# Sebastian Inlet BuckTail Jig Dealers



## ccc6588 (Jun 20, 2003)

Hi. I'm heading down to SI after Thanksgiving. Does anyone know the address or phone number of locals that sell bucktail jigs for 10$ a dozen.

I need specifics (address or phone #) and don't want any baitstore jigs (******'s, Long Point, etc.). The locals there buy a dozen for 10$ from people who sell legally.

Thanks.


----------



## VICIII (Apr 8, 2005)

Have not heard of this.. 
Local have the jigs homemade??
The most popular jigs are the 1 1/2 oz with plastic or buck tail bouncing off the rocks in the inlet. They ar about $1.50 at wabasso bait and tackle. You can use 2 to 3oz at the end of the pier because the rocks and old pileings stop just before the end of the pier.
What are you asking about??? Local homemade?


----------



## frank2660 (Jun 25, 2006)

Hey vic going fri left you a message


----------



## ccc6588 (Jun 20, 2003)

VICIII said:


> Have not heard of this..
> Local have the jigs homemade??
> The most popular jigs are the 1 1/2 oz with plastic or buck tail bouncing off the rocks in the inlet. They ar about $1.50 at wabasso bait and tackle. You can use 2 to 3oz at the end of the pier because the rocks and old pileings stop just before the end of the pier.
> What are you asking about??? Local homemade?


Yes. I learned that 1.5 oz is the local favorite for inside the inlet (N. or S. catwalk) and along the inlet. As matter of fact, your picture about the tarpon shows one of the most popular colors and the type of bucktail jigs I'm talking about. Chartreuse is another favorite.

The ones in the stores are quite expensive and also come with a plastic hook protector. I know because I fished with one on and didn't know why I was getting taps, but not hooking until I realized that the protector was still on the hook. 

The guys I was fishing with last year said that they buy them from someone in town (not a store) and get them for 10$ a dozen. The only negative about these are that the eyes are painted over and you have to use a hook or something to be able to get your line through.

I didn't know that part of the game for jigging was that you will lose a few or 10 a night if fishing the bottom where the fish are.
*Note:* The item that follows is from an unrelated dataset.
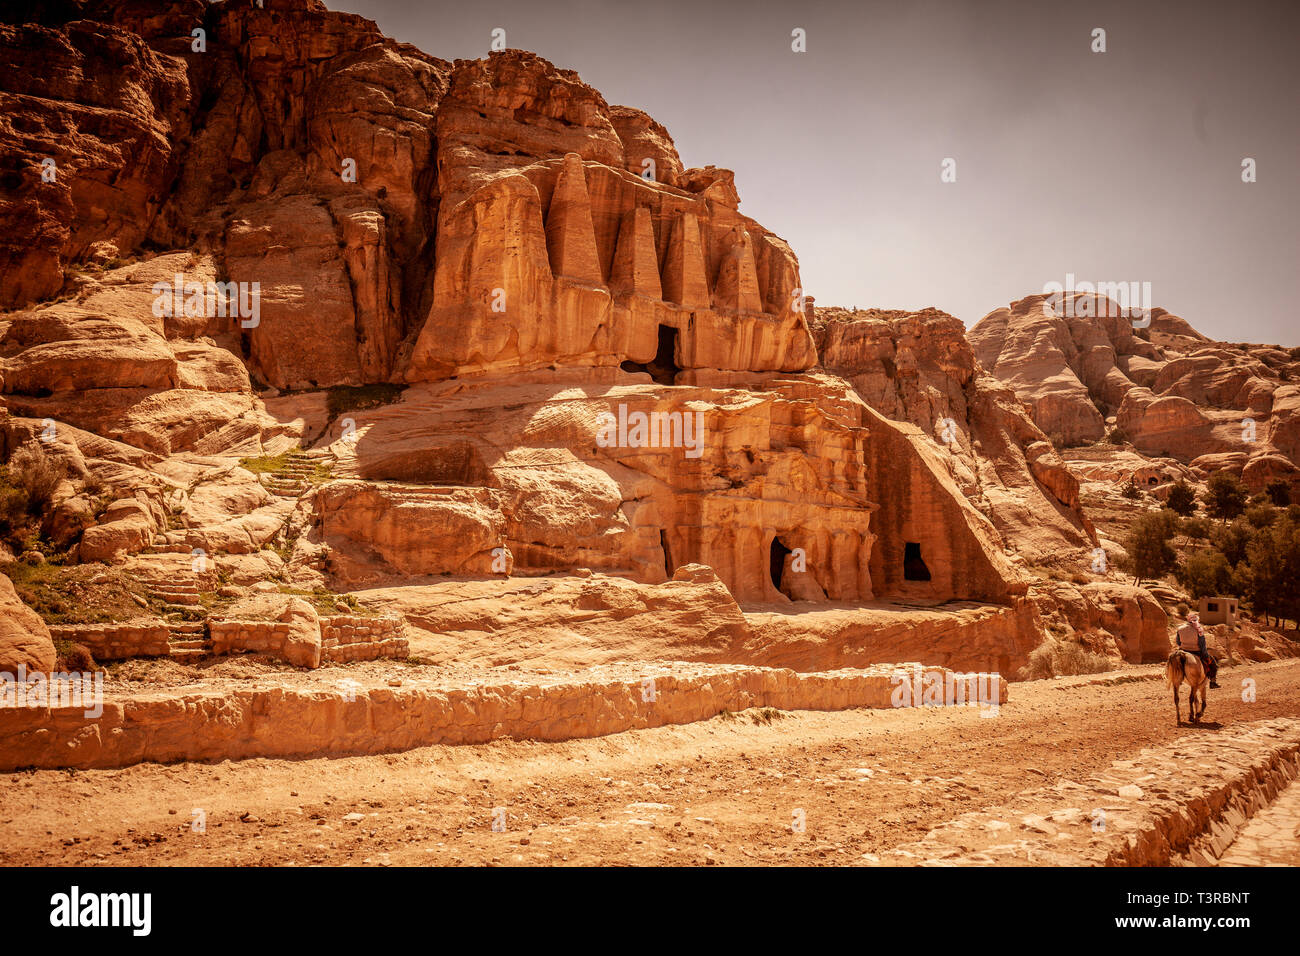 Petra, Jordanien. Die zum UNESCO-Weltkulturerbe zählt. Blick auf eine der unzähligen Tempeln in der alten Stadt, ein beliebtes Ziel für Touristen aus aller Welt. Stockfoto
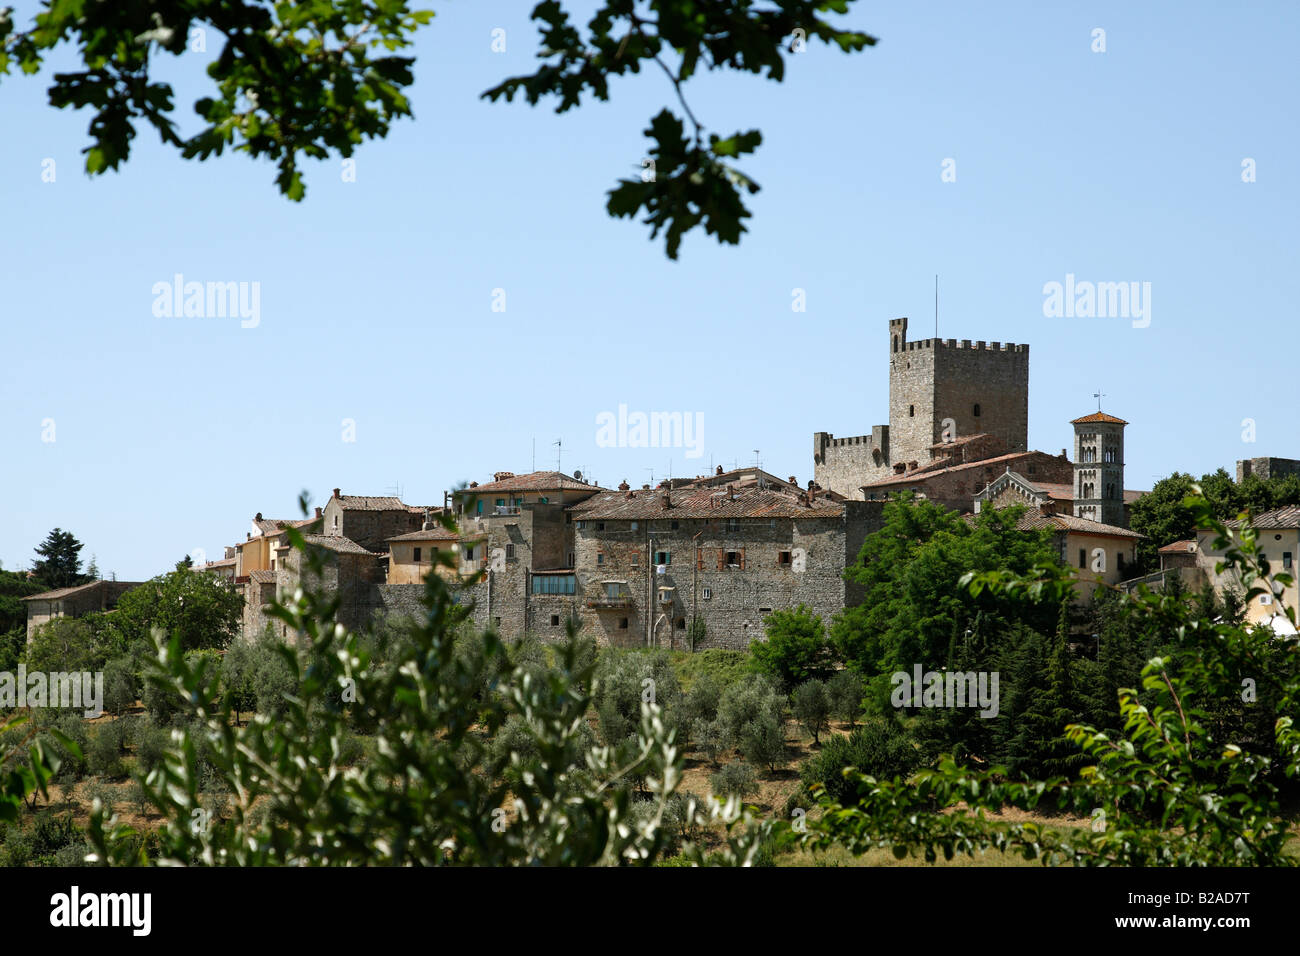 Vue sur la colline de la ville de Castellina in chianti toscane italie Europe Banque D'Images

I would rather lose 12 at 10$ a dozen than 10 at 4$ a piece.

I didn't know Wabasso had them for $1.50. But, I swear at least several people told me they get them from someone in town who sells for 10$ a dozen.

I also noticed that a lot of people use the Rapala knot for the jig.

All I know is I'm addicted to Snook fishing and can't wait to fish for them again, but if you know who sells for low price, I would love the information.


----------



## VICIII (Apr 8, 2005)

try wabasso before you go if no one shows up with info..
Long Point is OK but whites is the the deal.
Long point seems more in turons than fisherman.
I got a lesson on 1.5oz last time I was there and will try it soon. post if it works...
GET IN TO SI FOR THE BEST FISHING OF THE YEAR THERE FOR BIG REDS...


----------